I don't care what youre doing so much as the idiotic way you're doing it.
From TFA: In 2002 Miami still used Social Security numbers in some cases as an identifier for students, but it abandoned that practice soon thereafter.
You must give your SSN to Federal, State, and Local governments only when there is a law that requires it. The act also says the government agency MUST inform you at the time of collection whether giving your SSN is required or optional, cite the law that requires it, and explain what happens if you don't give it.
If you do not see a privacy act notice on government paperwork, then don't give your SSN. It's hard to say no, and many govt workers are completely ignorant of the law, but you've got to take a stand.
Non-government entities can ask you for your SSN for any reason or no reason, but you don't have to give it to them. If a company says they have to have it, be prepared to take your business elsewhere.
So, is Miami of Ohio a government entity? Many universities are because they are state funded or created by an act of state law or consitution. If so, demand that privacy act notice. If not, take your money somewhere else.
I doubt any school would deny you admission because you refuse to give your ssn. What do they do for the foreign students?
You'll never know what you can do without giving out (your SSN) until you stop giving in.
Things I've done without giving out my SSN: got real phone service, got satelite TV, been to the doctor/hospital, got medical insurance, got internet service, got married. Yeah sure, I wasn't able to get that extra 10% off at Pier One by signing up for a credit card. So what!
Um, what? Just because you've never heard of us, doesn't mean we're not more respected than the other Miamis (and most schools in general). I don't have the numbers (although I'm sure someone else will quote them), but we're in the 60's as far as rank in the US, and the low twenties as far as rank among only public schools (i.e., schools in our general price range).
(Not that I care, because I don't necessarily agree with those rankings.)
Plus, we just last year had a large strike of Miami Staff, which our student body largely ignored as they rode by in their BMWs; that was one of the last steps that was keeping us from competing with the Ivy Leagues. Expect our rank to increase.
Dear Miami student,
Miami University is notifying all members of the University community today that a report containing the names, grades, and social security numbers of all students who were enrolled at Miami in Fall 2002 was inadvertently placed in a file accessible through the Internet. At this point we have no evidence of illegal use of this information, but we are concerned and deeply regret that because of this action private and confidential student information was exposed.
You will find below the press release we are sending out that will give you more information about this incident.
I want to repeat that this affects only students attending Miami in Fall 2002. There is no threat to current students who were not on campus in Fall 2002. If you were on campus in Fall 2002, you will receive by early next week from Reid Christenberry, vice president for information technology, an email message providing you with a toll-free phone number, which will be staffed by trained investigators who are experienced in dealing with privacy issues.
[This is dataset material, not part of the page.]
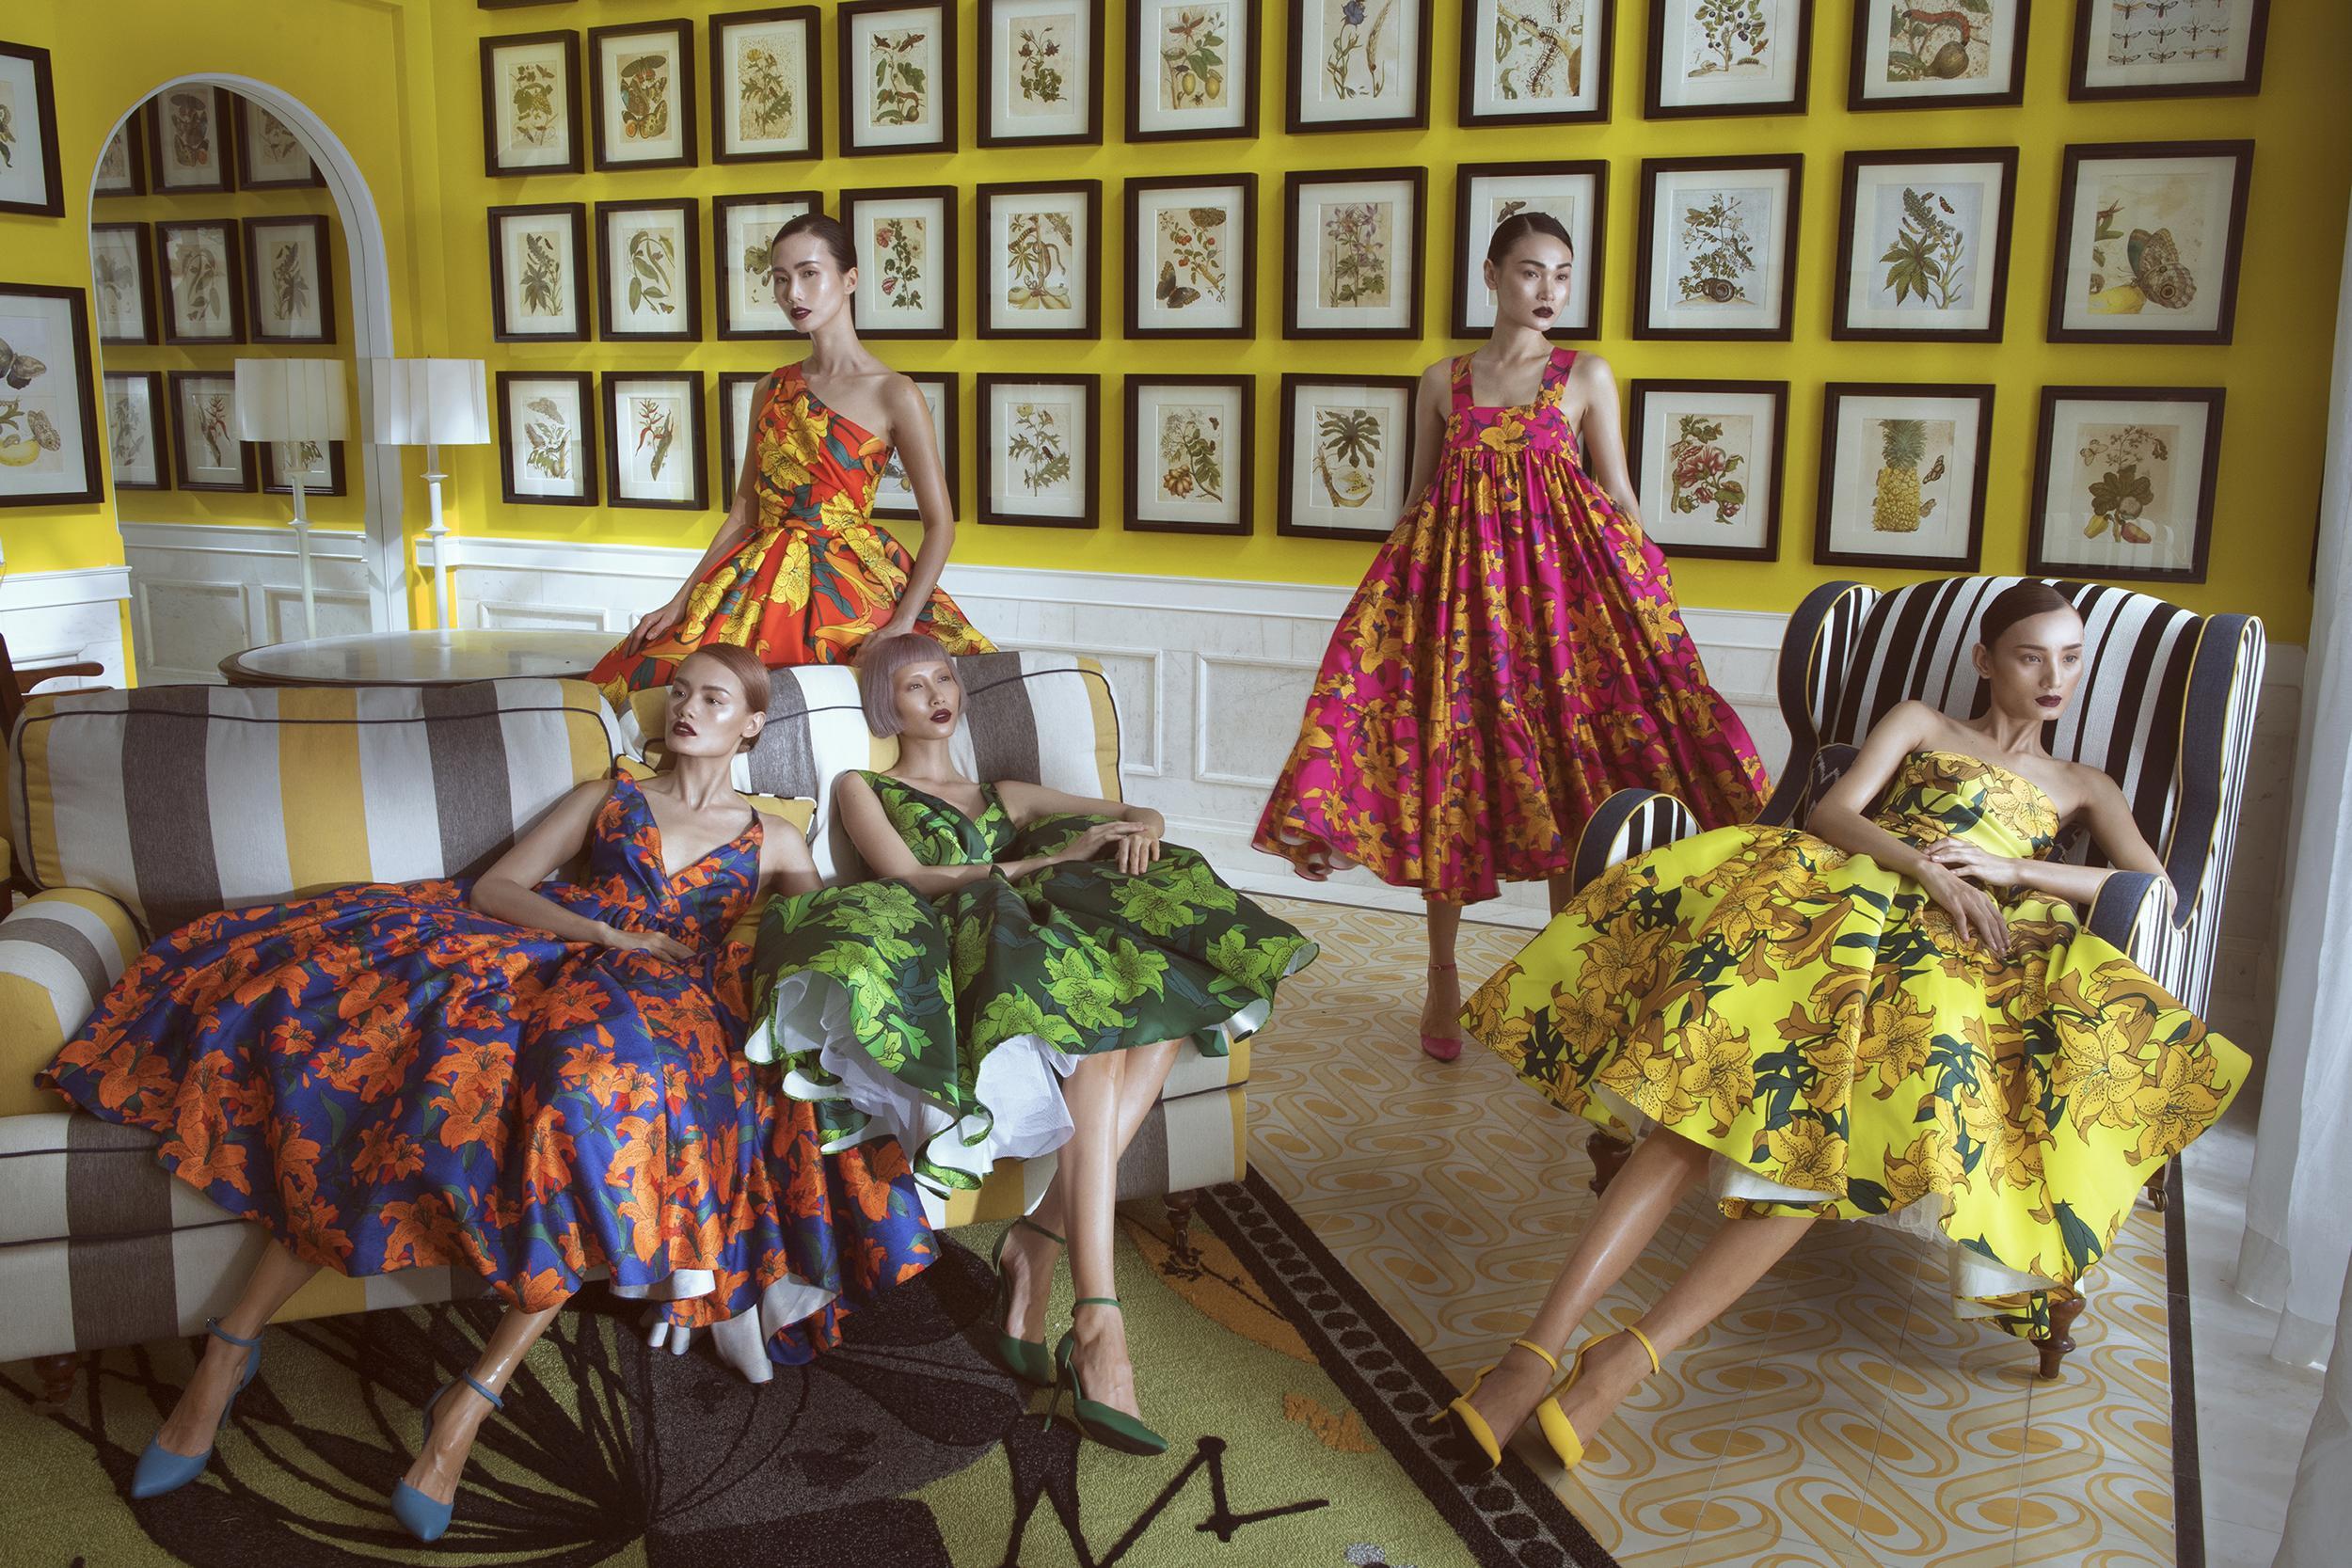 Dàn mẫu cuốn hút với váy áo sắc màu của Đỗ Mạnh Cường-2

Later you will receive similar, written notification from Miami with the toll-free phone number and additional information about actions you can take if you are concerned about possible identity theft.
If you were on campus in Fall 2002 and do not receive an email early next week, please let us know by emailing us at <<removed>>
Again, we deeply regret that this information was made accessible. We will keep you informed of the actions we are taking to protect current students and alumni.
Richard Nault
Vice President for Student Affairs
Yeah, that makes me feel better.
My university uses social security numbers as student IDs. So to view my GPA and such, I would log in with my social security number. This goes as far as writing the last 4, 6, or all digits of the SSN on exams.
You can request a random ID to be issued to you, but by the time incoming students realize that their SSN is their campuswide ID, it's pretty much too late.